The folding and stability of proteins are governed by thermodynamic principles and various molecular interactions.

• Favorable Intramolecular Enthalpic Interactions:

  • Charge-charge interactions (ionic bonds)

  • Intramolecular hydrogen bonds

  • Van der Waals interactions (dense packing of atoms)

• Unfavorable Loss of Conformational Entropy: The unfolded state has high entropy due to many possible conformations; folding reduces entropy.

• Favorable Gain of Solvent Entropy (Hydrophobic Effect): Burying hydrophobic side chains in the protein interior releases ordered water molecules, increasing overall entropy.

• Disulfide Bonds: Covalent bonds between cysteine residues that greatly increase protein stability.

• Binding of Ions or Prosthetic Groups: These interactions can further stabilize protein structure.

Equation:

$\Delta G = \Delta H - T\Delta S$

where $\Delta G$ is the change in free energy, $\Delta H$ is the change in enthalpy, $T$ is temperature, and $\Delta S$ is the change in entropy. Protein folding is favored when $\Delta G$ is negative.

Quaternary Structures—Symmetries

Quaternary structure refers to the arrangement and interaction of multiple polypeptide subunits in a protein complex. Many multisubunit proteins exhibit symmetry.
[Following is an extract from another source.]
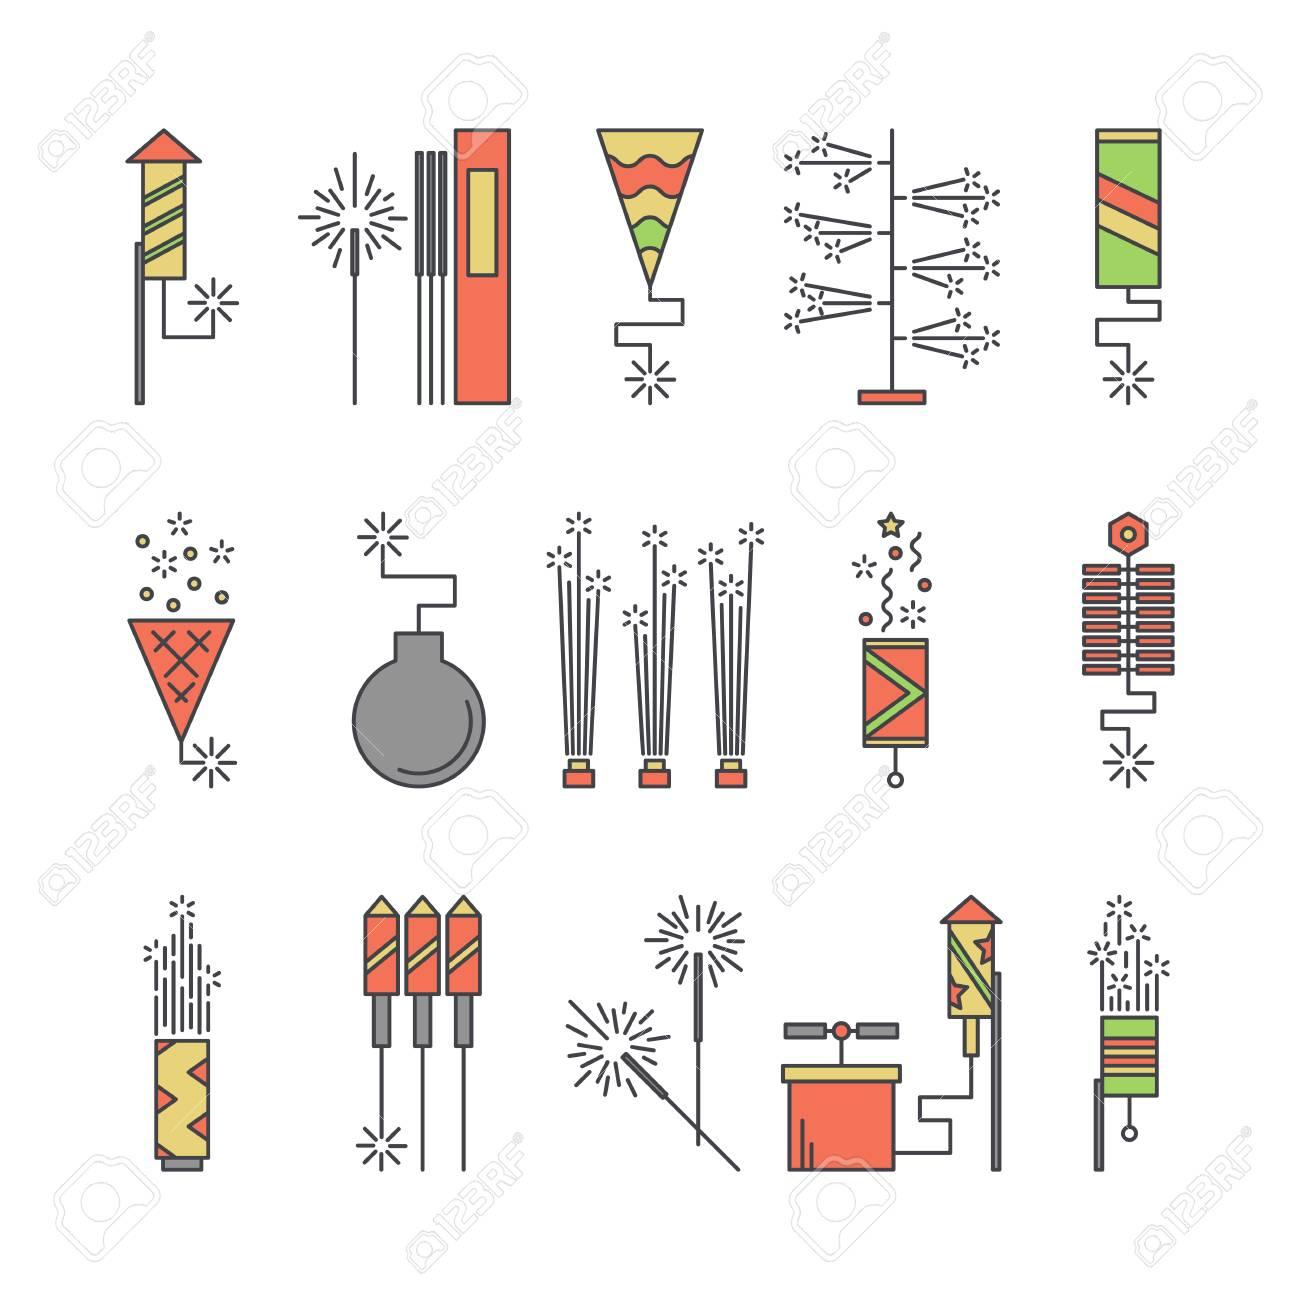 Vector Coloridos Iconos Pirotecnicos Elementos De Explosion De

• Helical Symmetry: Seen in structures like actin filaments and the tobacco mosaic virus, allowing for indefinite growth in length.

• Point-Group Symmetry: Includes various axes of symmetry:

  • $C_2$: One 2-fold axis

  • $C_3$: One 3-fold axis

  • $D_2$: Three 2-fold axes

  • $D_4$: One 4-fold axis and two 2-fold axes

Example: The tetrameric enzyme phosphofructokinase displays $D_2$ symmetry, important for its regulatory function in glycolysis.

Additional info: Domains are often evolutionary units, and their modularity allows for the evolution of new protein functions. Disulfide bonds are more common in extracellular proteins due to the oxidizing environment outside the cell.